Putin’s Ruble Warning Puts Goldman Easing Bets on Shaky Groundby
Doubts creep into scenario also seen by Rabobank, Sberbank CIB
Currency depreciation rekindles Nabiullina’s inflation dilemma
The most adamant believers of an interest rate-cutting cycle in Russia that’s driven a bond-market rally are starting to lose faith. And Vladimir Putin’s responsible.
Goldman Sachs Group Inc., Sberbank CIB, Rabobank and seven other forecasters are the minority among 39 who expect policy makers to reduce benchmark borrowing costs for a second month when they meet Friday. Some rate stalwarts are losing confidence in their own predictions after Putin sparked a 5.6 percent drop in the currency by telling his prime minister July 19 to monitor the ruble’s movement as it traded out of step with oil. Traders took the remarks as a sign that interventions might be next.

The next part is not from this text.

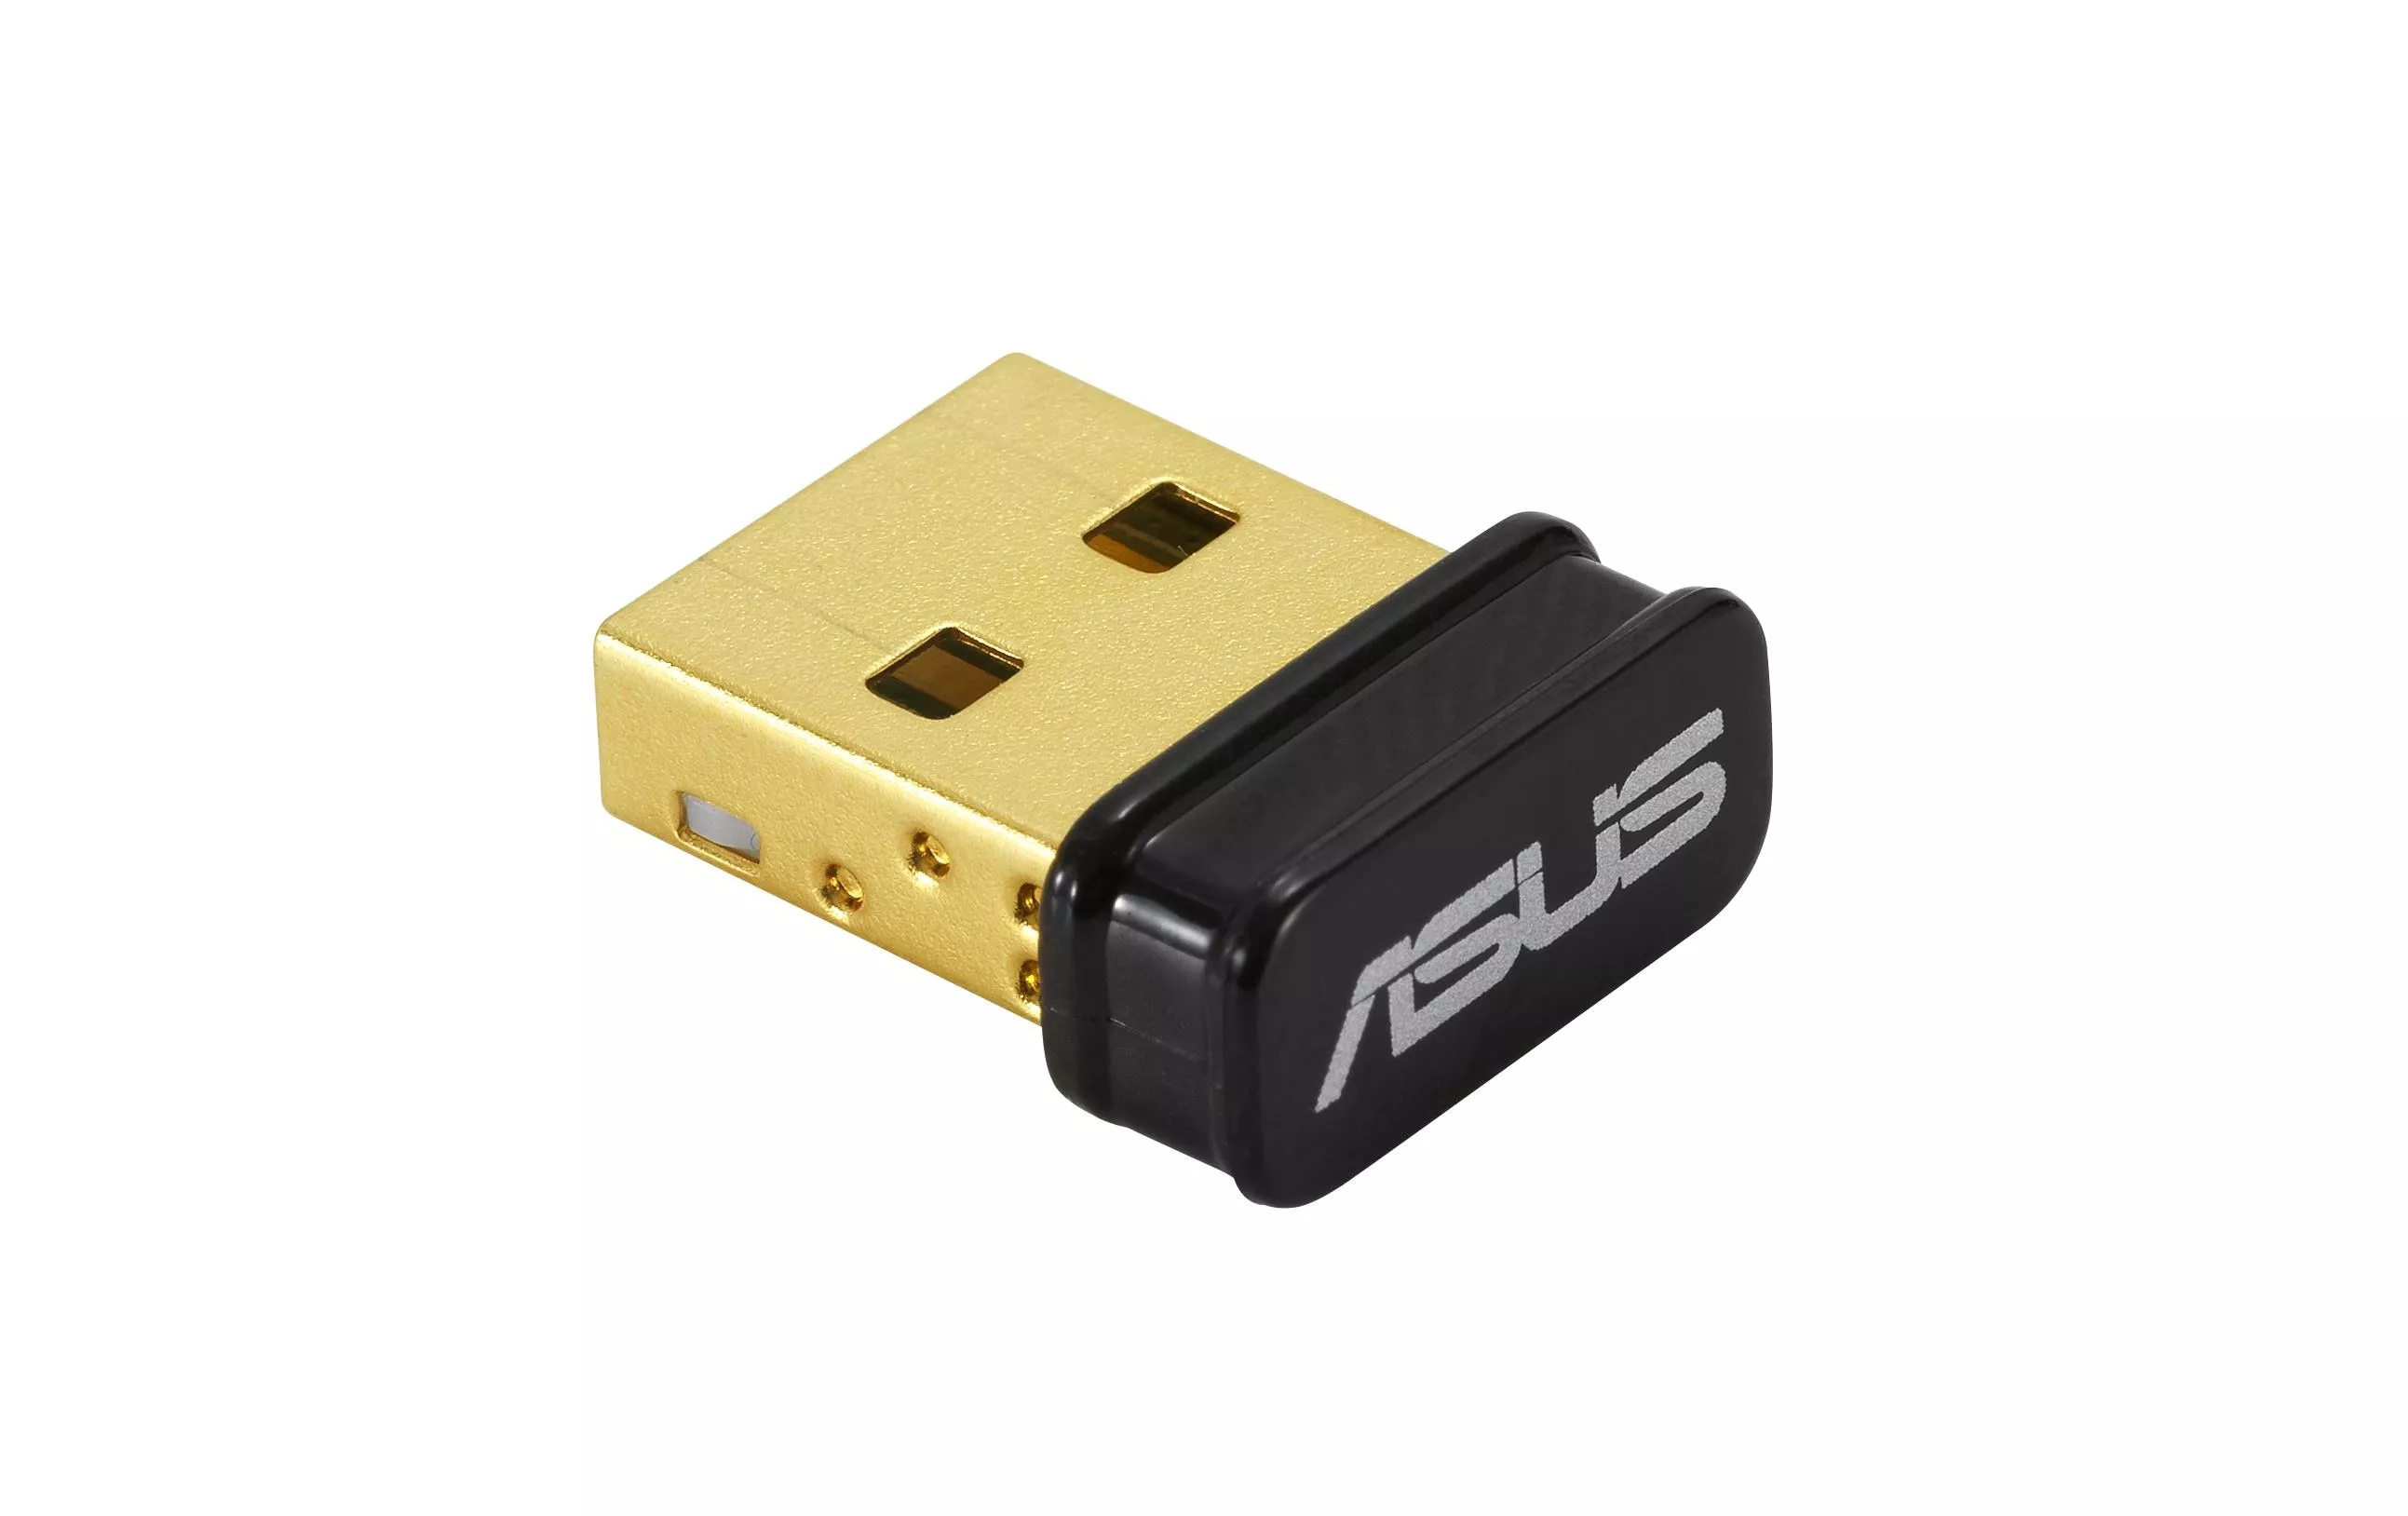 WLAN-N chiavetta USB USB-N10 NANO V2

“The weaker the ruble, the less likely that they will cut,” said Piotr Matys, a strategist for emerging-market currencies at Rabobank in London, who’s standing by his forecast for a 50 basis-point reduction for now. “The odds of a cut are paradoxically lower than last week when I made the call.”
As the ruble heads for its worst month this year, Bank of Russia Governor Elvira Nabiullina will need to weigh its effect on inflation that’s already starting to creep back to 8 percent, double her medium-term target. That’s likely to prompt her to abandon an easing cycle that has only just resumed while crude trades below $45 a barrel, according to Ivan Tchakarov, chief economist for Russia at Citigroup Inc. in Moscow. The Russian currency extended July declines Thursday, weakening 0.6 percent to 66.335 per dollar by 1:49 p.m. in Moscow.

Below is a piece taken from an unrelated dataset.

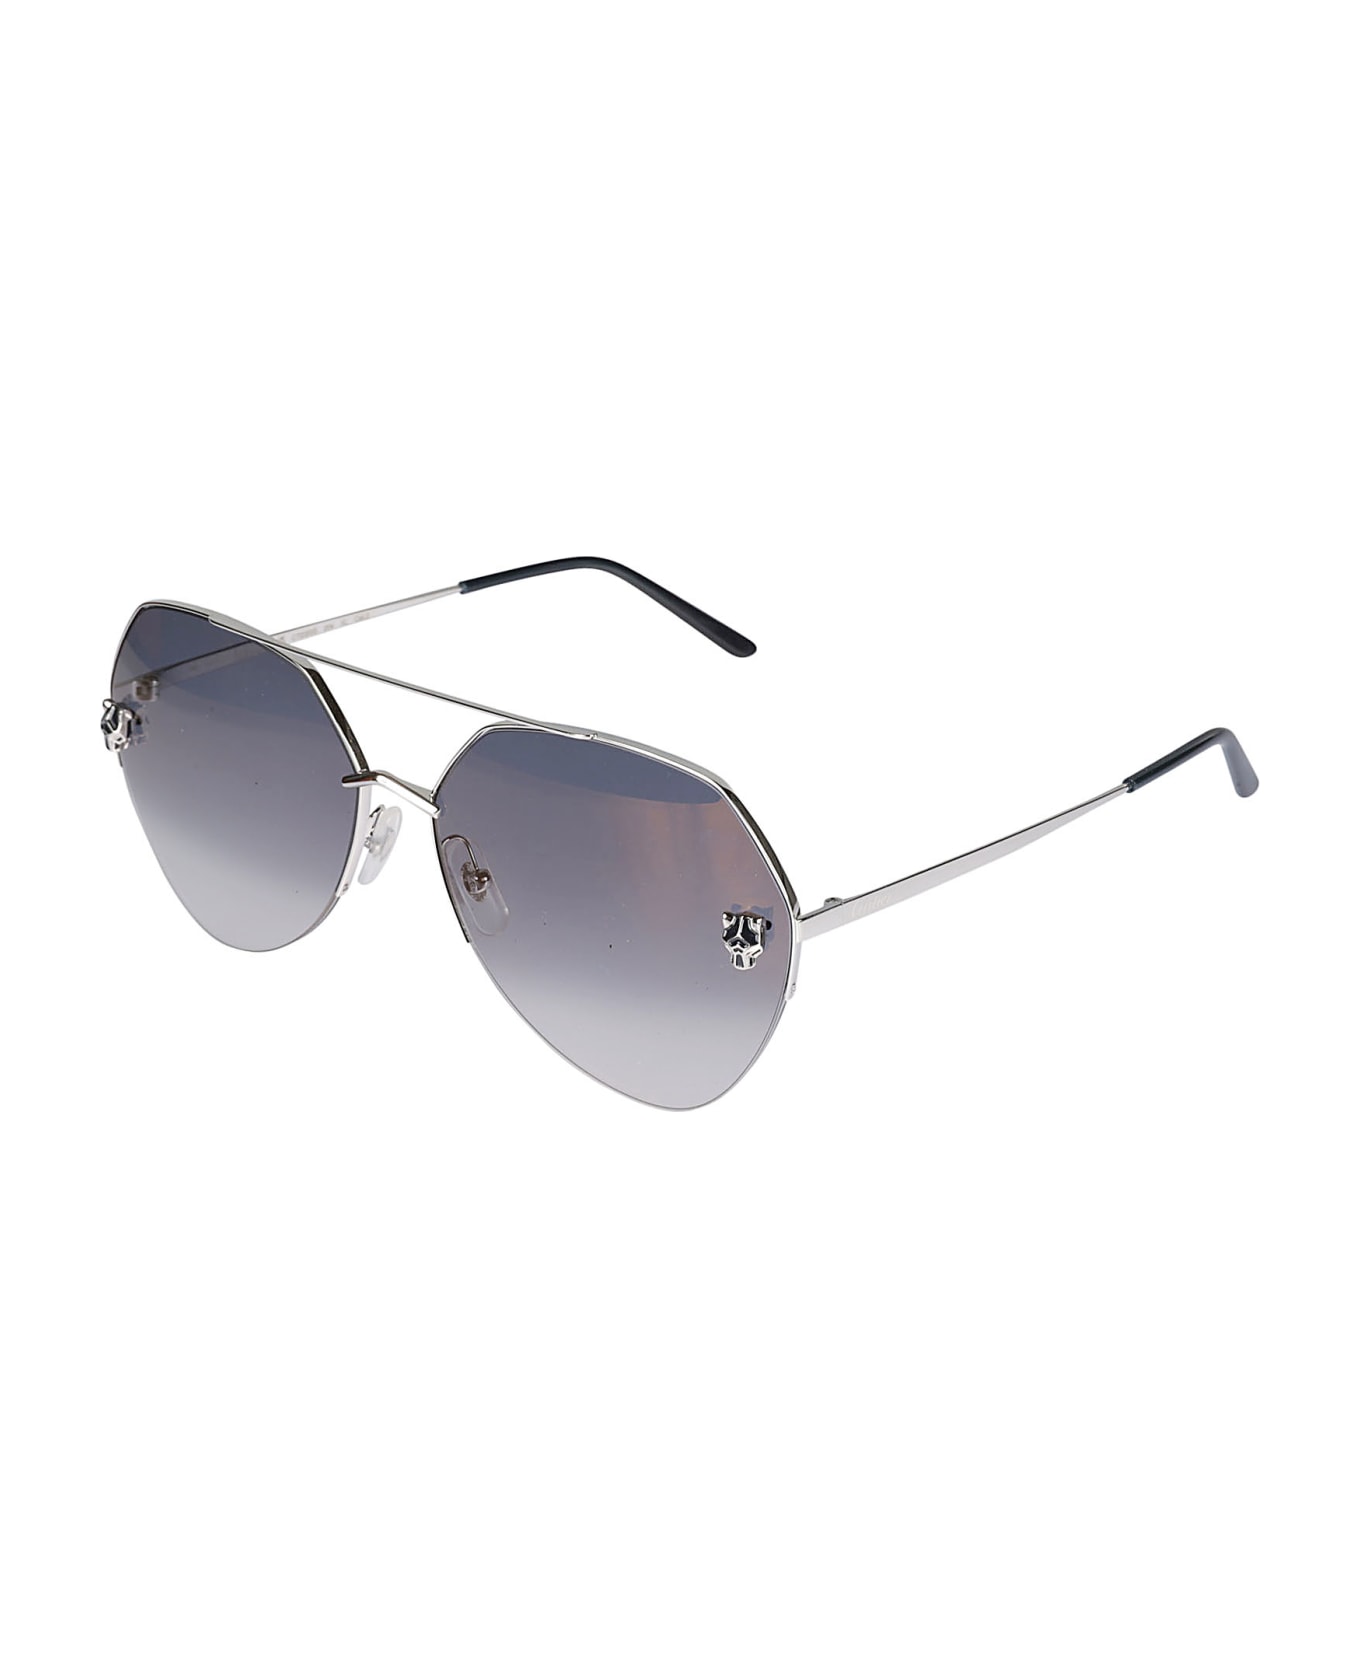 Cartier Eyewear Pantheree De Cartier Sunglasses - 004 silver silver blue サングラス

The central bank reduced its benchmark to 10.5 percent from 11 percent on June 10, driving 10-year yields to a two-year low of 8.24 percent on July 1. The rate is now 8.62 percent, while local-currency government bonds have handed investors a loss of 3.7 percent in dollar terms in July, poised for the worst month since January.
“This is not the right environment to cut rates, with the dip in oil prices and the rise in real wage growth,” Tchakarov said. “They would prefer to err on the side of caution and not cut.”

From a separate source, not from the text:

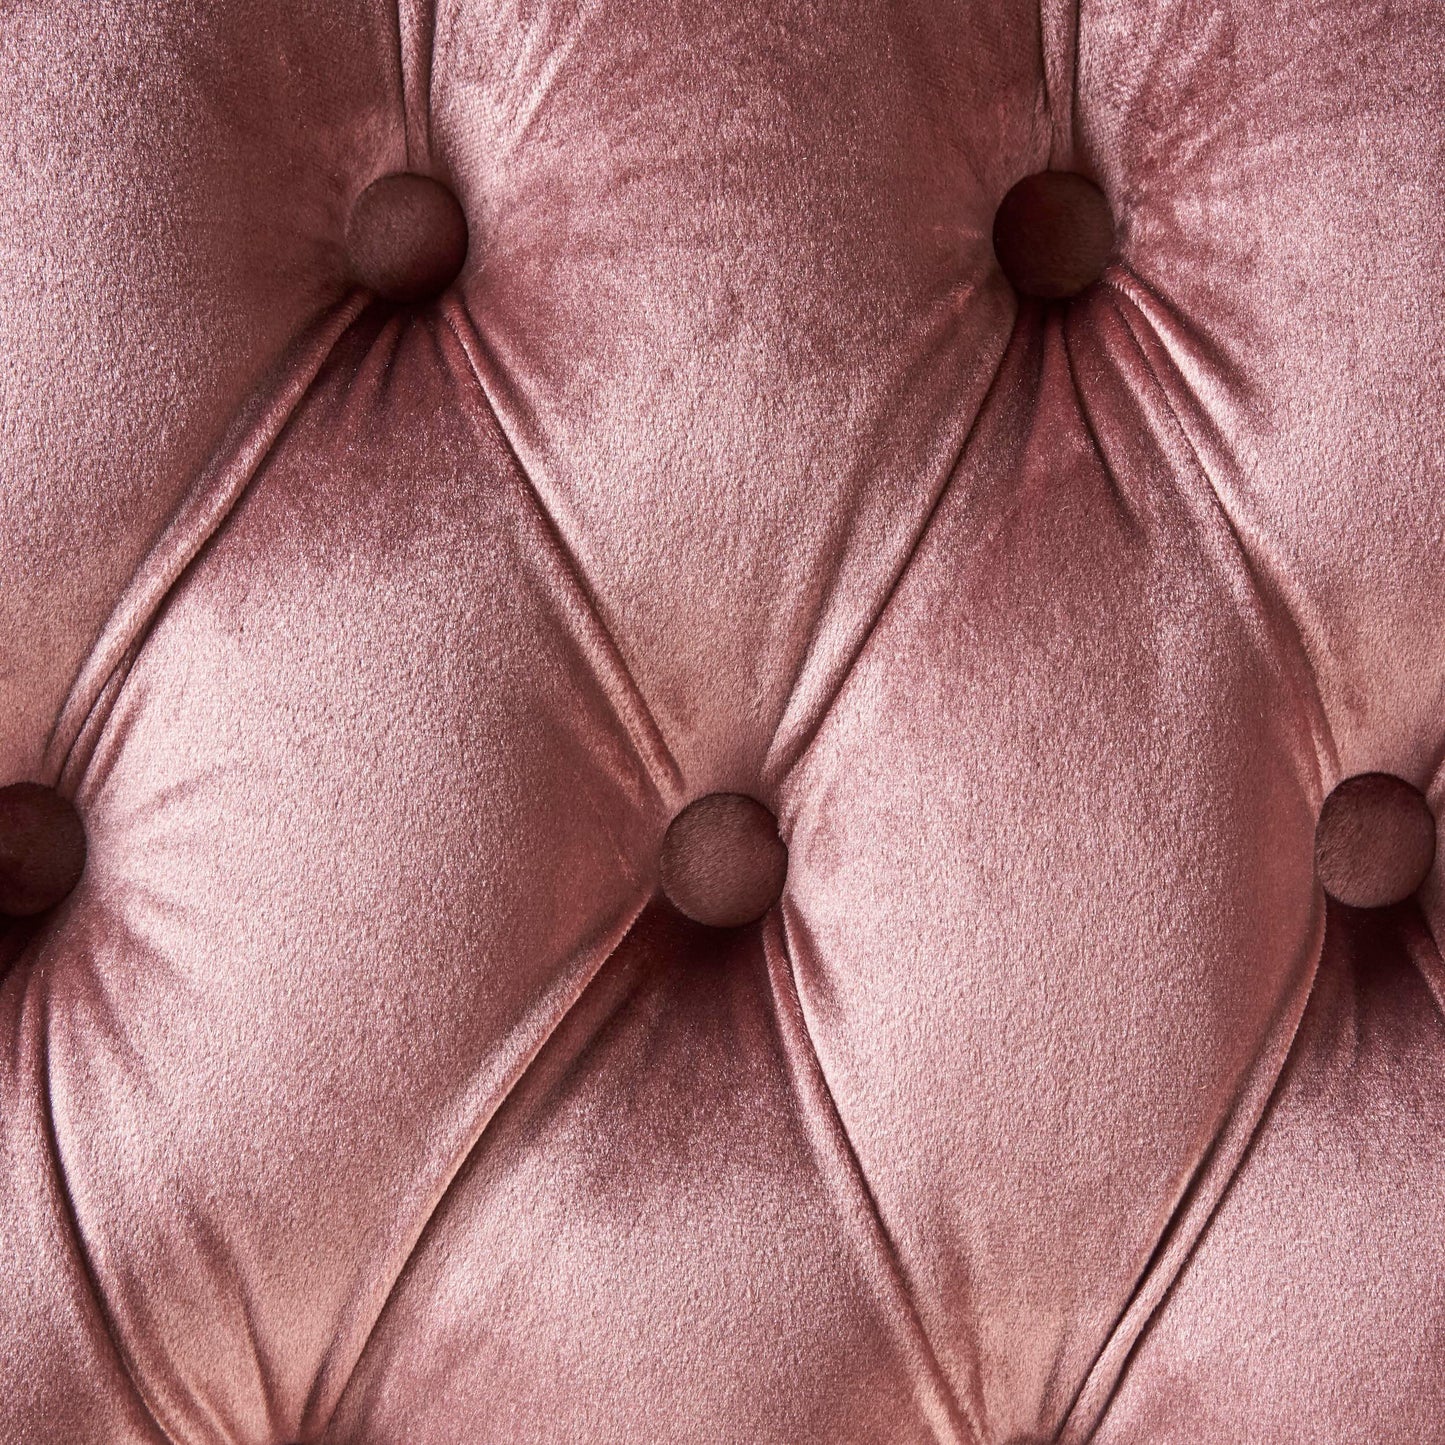 Talia Elegant Tufted New Velvet Cushion Bench

Traders also see a pause in interest rates tomorrow, with 37 out of 56 in a poll conducted by the Tradition brokerage forecasting no change. Just 13 expect a cut.
Before Putin’s warning, things looked different. The ruble’s 17 percent strengthening versus the dollar was seen as a curb on inflation that had held near a two-year low since March. Oil-price stability was a further impetus for policy makers to deliver stimulus to an economy caught in recession.
"The sudden reversal of fortunes for the ruble poses the main risk for our cut forecast,” said Tom Levinson, chief currency and rates strategist at Sberbank CIB in Moscow.
Levinson expects the central bank to reduce its benchmark 50 basis points Friday and said that it won’t necessarily fan increases in the consumer price index since imports account for a shrinking share. “Given that inflation these days is less sensitive to the ruble, we think it can cut,” he said.
Inaction by the Bank of Russia to ease policy risks attracting speculators to a carry trade bolstered by the second highest rates in emerging Europe, and exacerbating currency volatility, according to Goldman Sachs chief Russia economist Clemens Grafe, who had anticipated more aggressive rate cuts in 2016 than materialized. He predicts policy makers will lower borrowing costs by 50 basis points Friday and at the following three meetings, to end the year at 8.5 percent.
“It’s hard to see what keeping such an overly tight monetary stance is expected to achieve,” Grafe said. “The direction of underlying inflation remains downwards.”